Neolithic farmers altered their environment to satisfy human needs. Instead of spending their time searching for grains, roots, and berries, women and children grew crops near their homes. Food was still gathered from the wild but they also cultivated wheat, barley, raised sheep, goats, and pigs for food. The Neolithic farmer began to build permanent mud brick homes, giving rise to towns and later cities and states. Tool making continued to develop; flint was easy to shape and produced razor sharp edges for arrowheads and knives.

Proceeded by the Paleolithic, and Neolithic periods and followed by the Iron Age, the Bronze Age is noted as an era when copper and bronze, which is an alloy derived from copper and tin, was used extensively to make tools, weapons, and other decorative items. The Bronze Age is more advanced than the Stone Age, in which artifacts and tools are largely made from carved stone. Bronze tools including knives, axes, and other cutting instruments could also be sharpened more easily than those made from copper, thus reducing the time required for workers to perform their jobs.

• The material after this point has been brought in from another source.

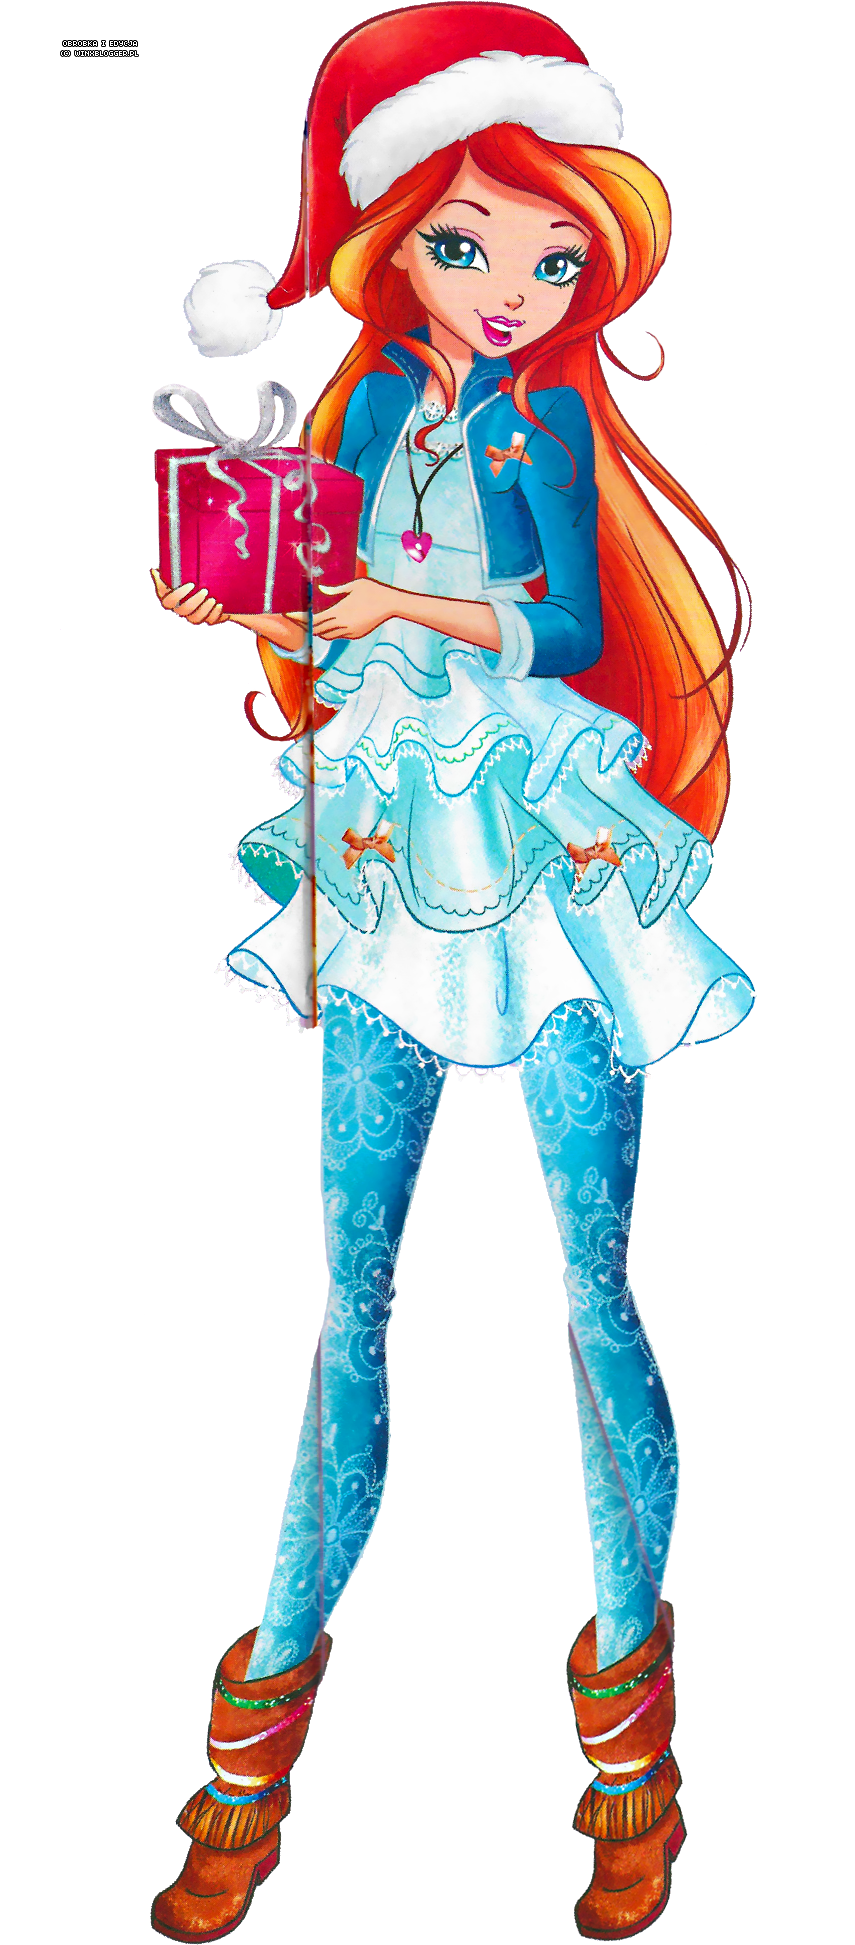 bloom-winx8-casual-by-winxblogger.png

Because workers had better tools and could work faster, the creation of larger building structures and the development of urban areas also grew during this time period. In conclusion we can see that Paleolithic and Neolithic culture used the same skills and tools. They both were hunter gatherers and used the same flint based tools. In addition to this both left their art on the walls of their habitats. The Stone Age, Bronze Age, and the Iron Age make up traditional three-age system for classifying prehistoric cultures.